**WHAT YOU SHOULD DO:** I'd like an exact copy of only the lines from the start of the listing below through the line that holds "Djelatnici Samostalne narodne". Please keep the pictures out.

**COLLECTED MATERIAL:**
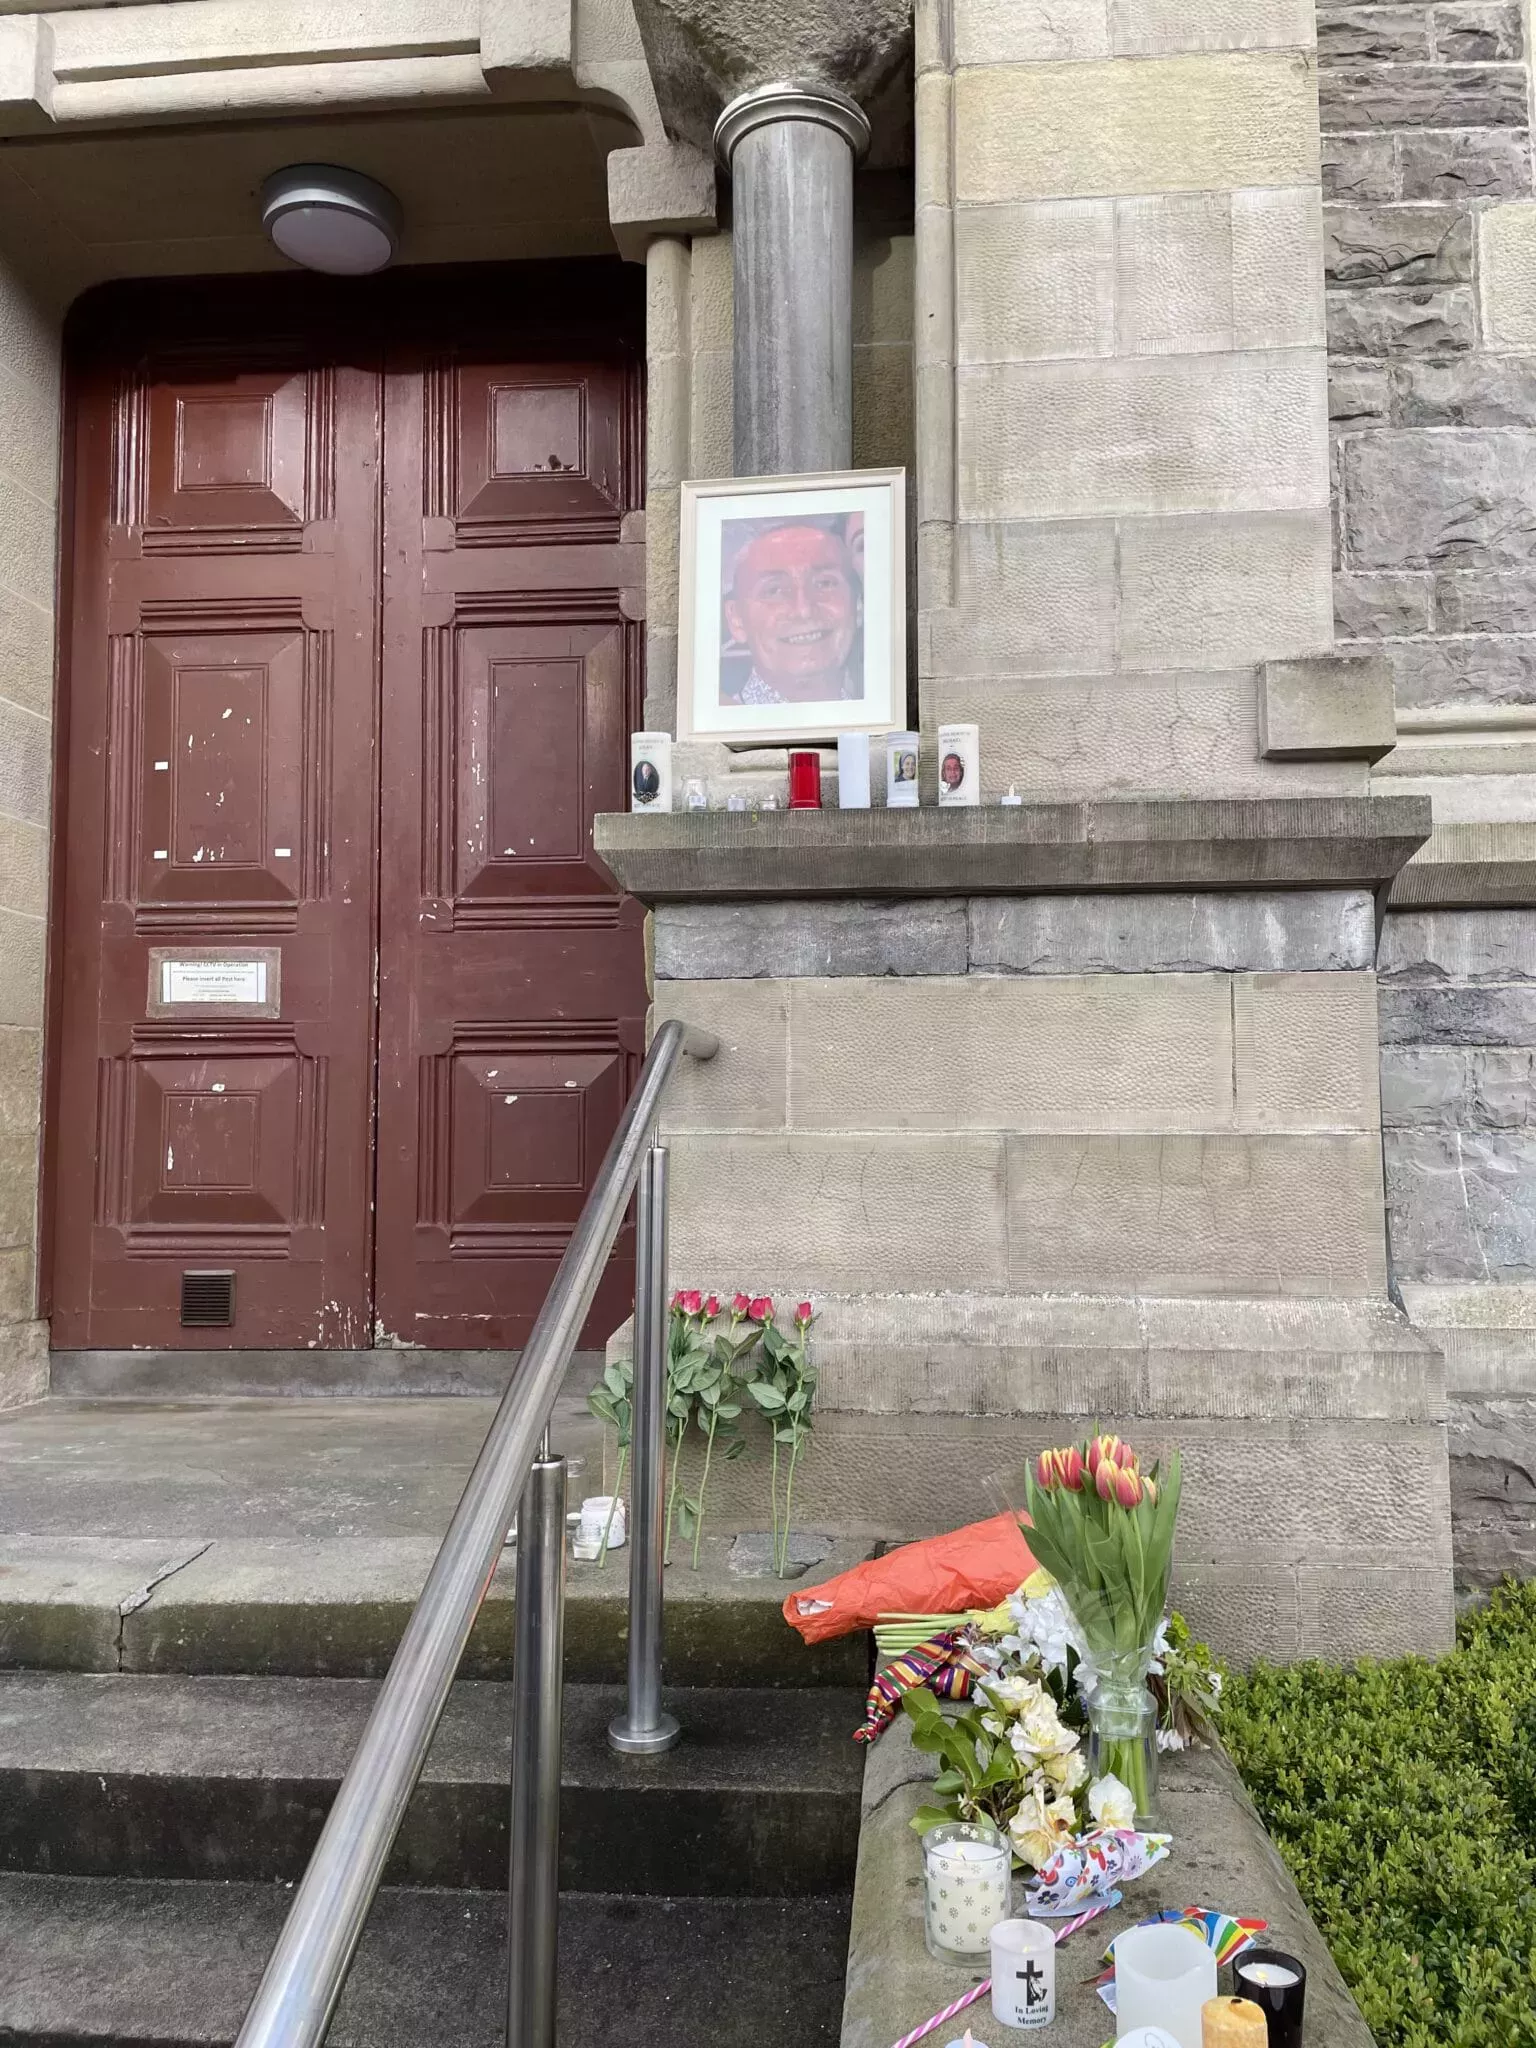 Cientos de personas se reúnen en Sligo para honrar a los homosexuales asesinados: 
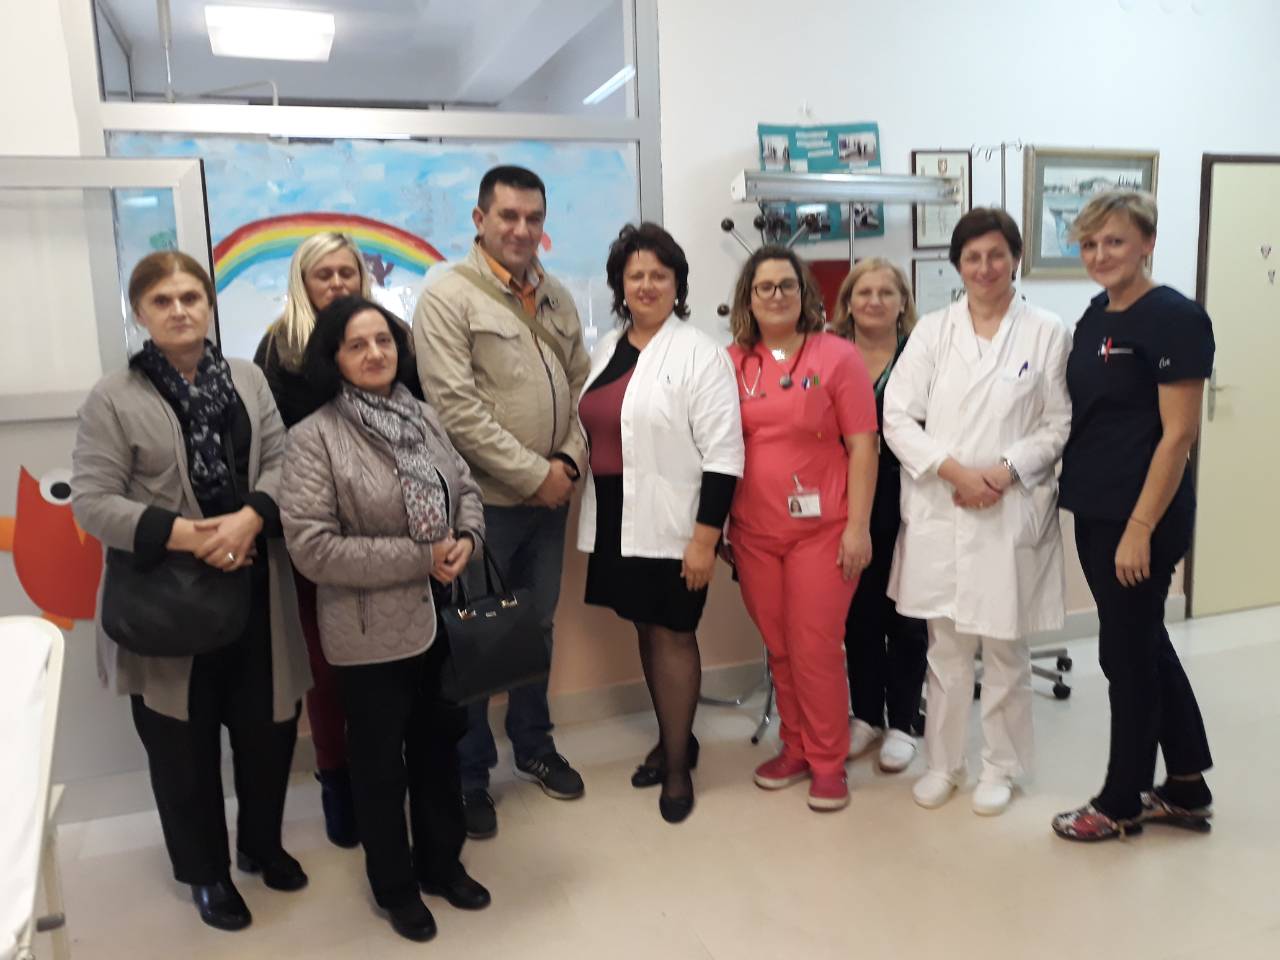 Djelatnici Samostalne narodne knjižnice Gospić posjetili su dječji odjel Opće bolnice Gospić
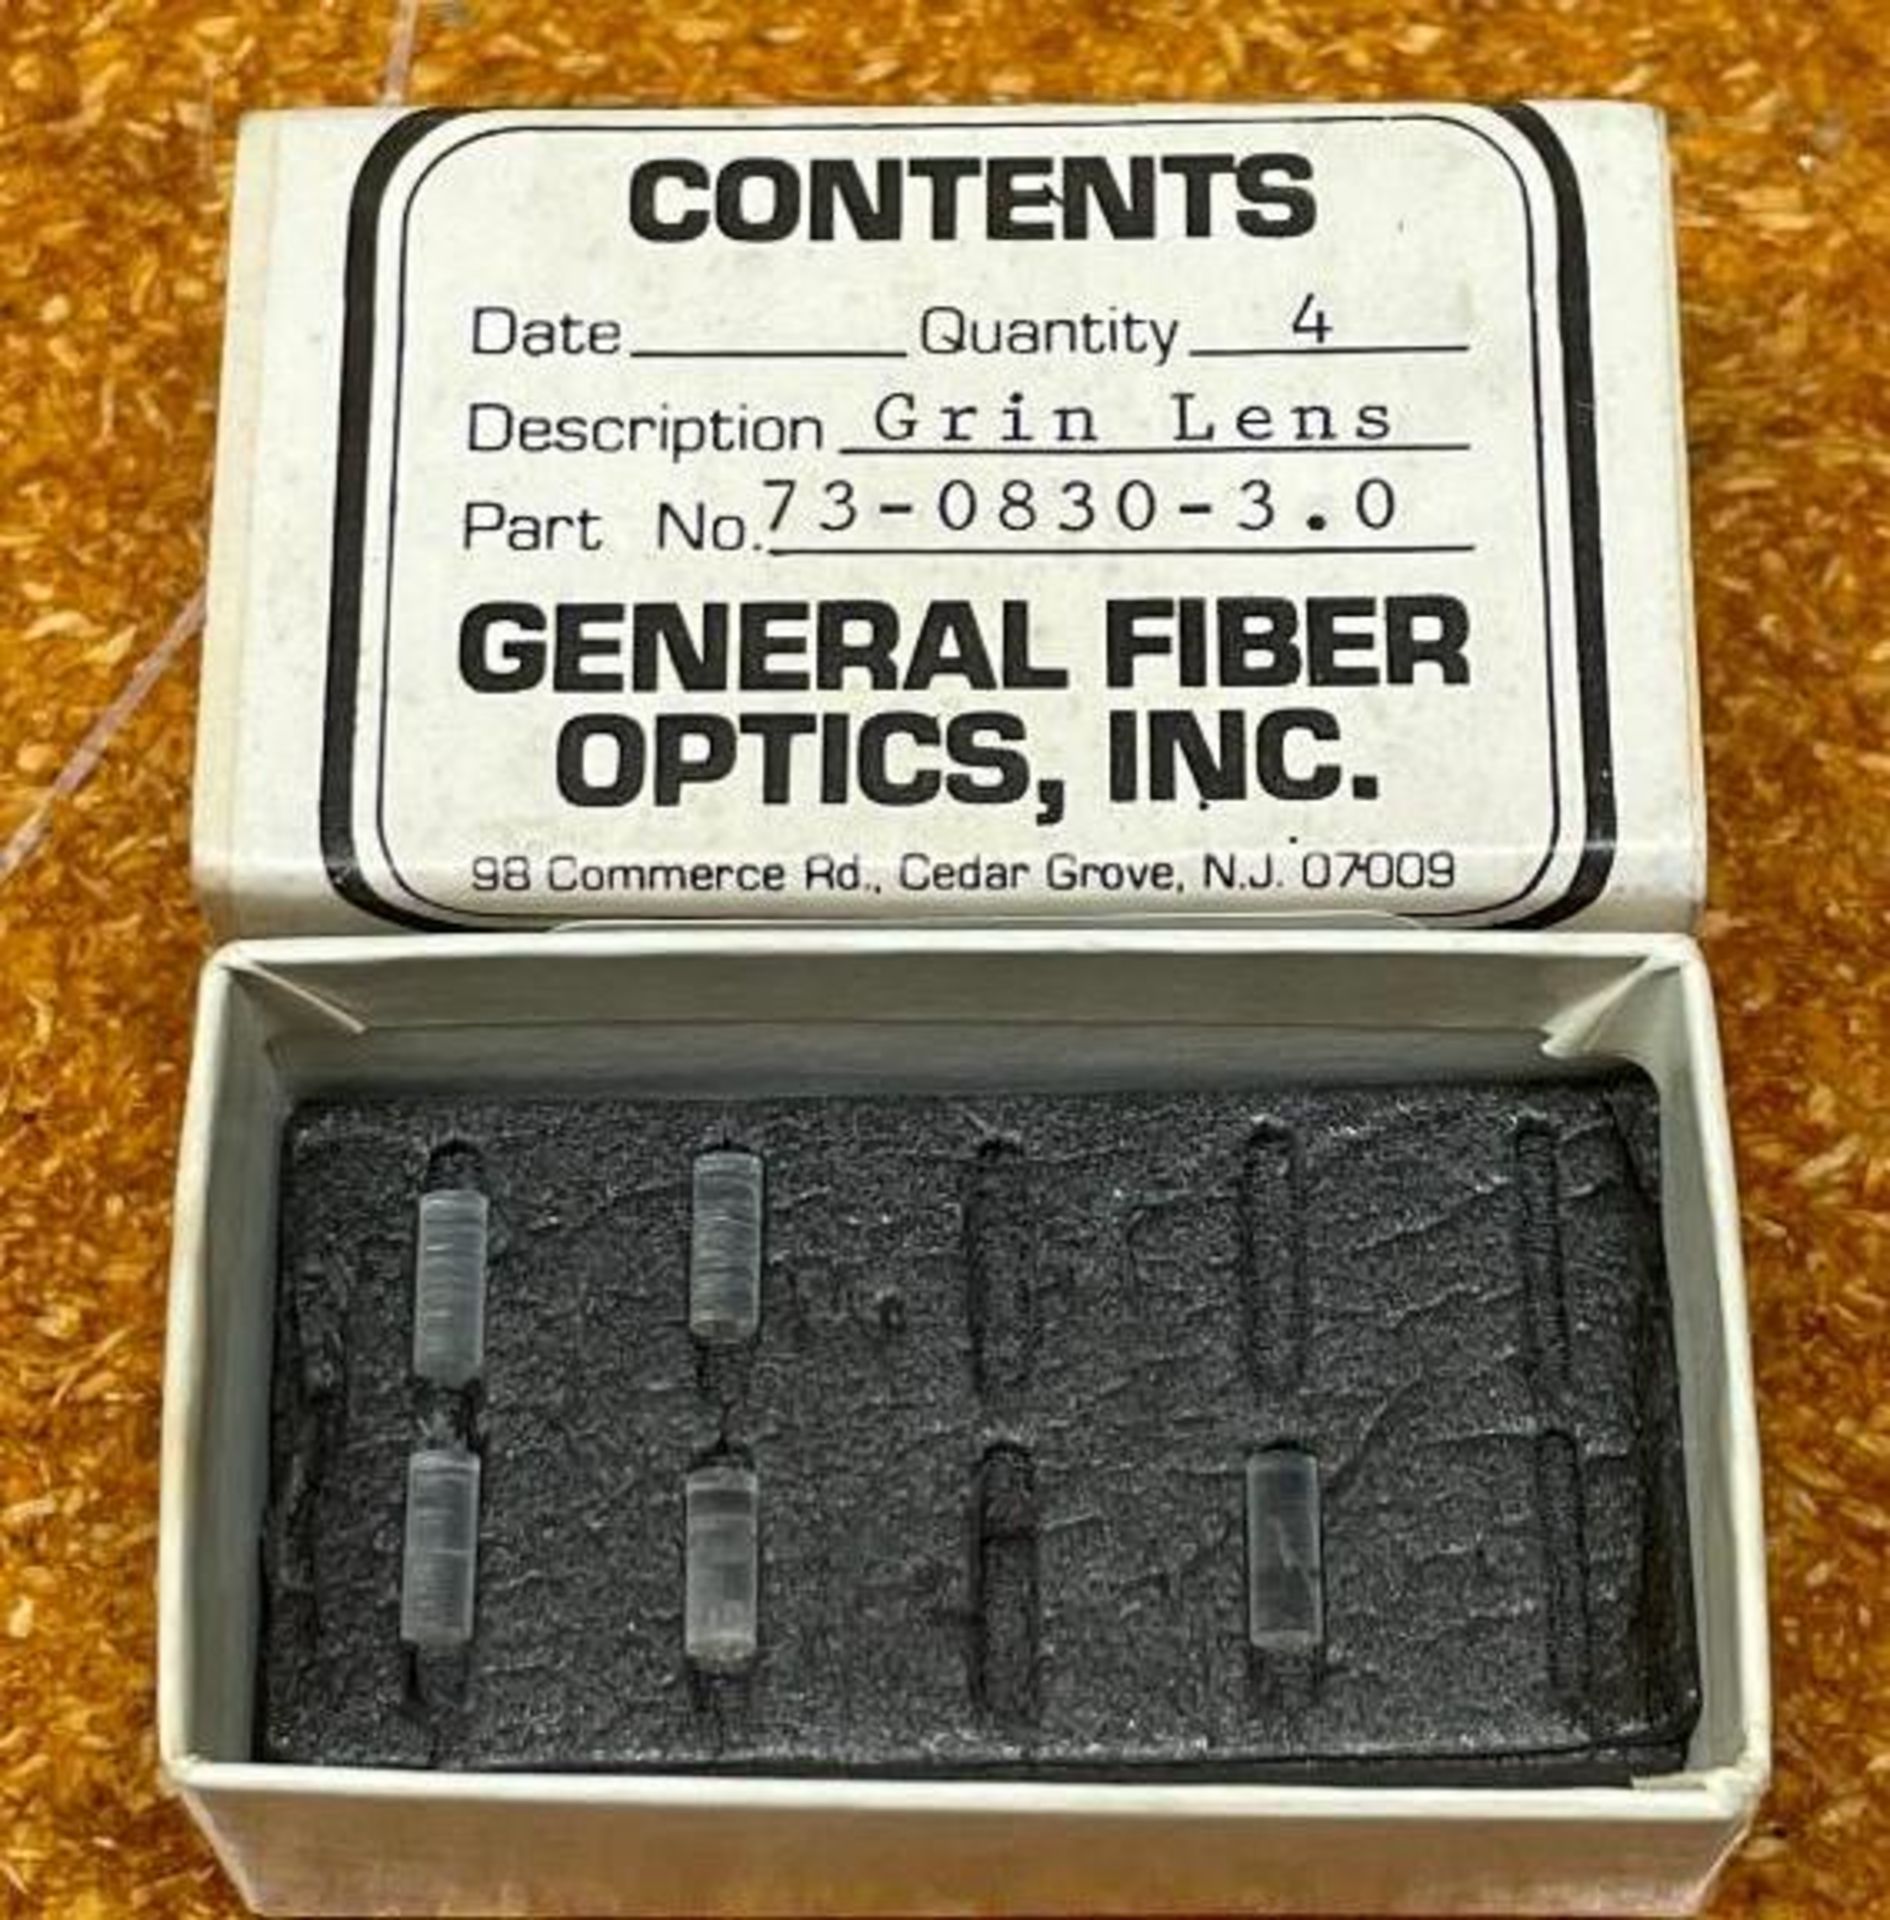 (5) GRIN LENSES BRAND/MODEL: GENERAL FIBER OPTICS 73-0830-3.0 INFORMATION: DIAMETER 3mm, LENGTH 8mm

**ANSWER AREA:**
 Cientos de personas se reúnen en Sligo para honrar a los homosexuales asesinados: 
 Djelatnici Samostalne narodne knjižnice Gospić posjetili su dječji odjel Opće bolnice Gospić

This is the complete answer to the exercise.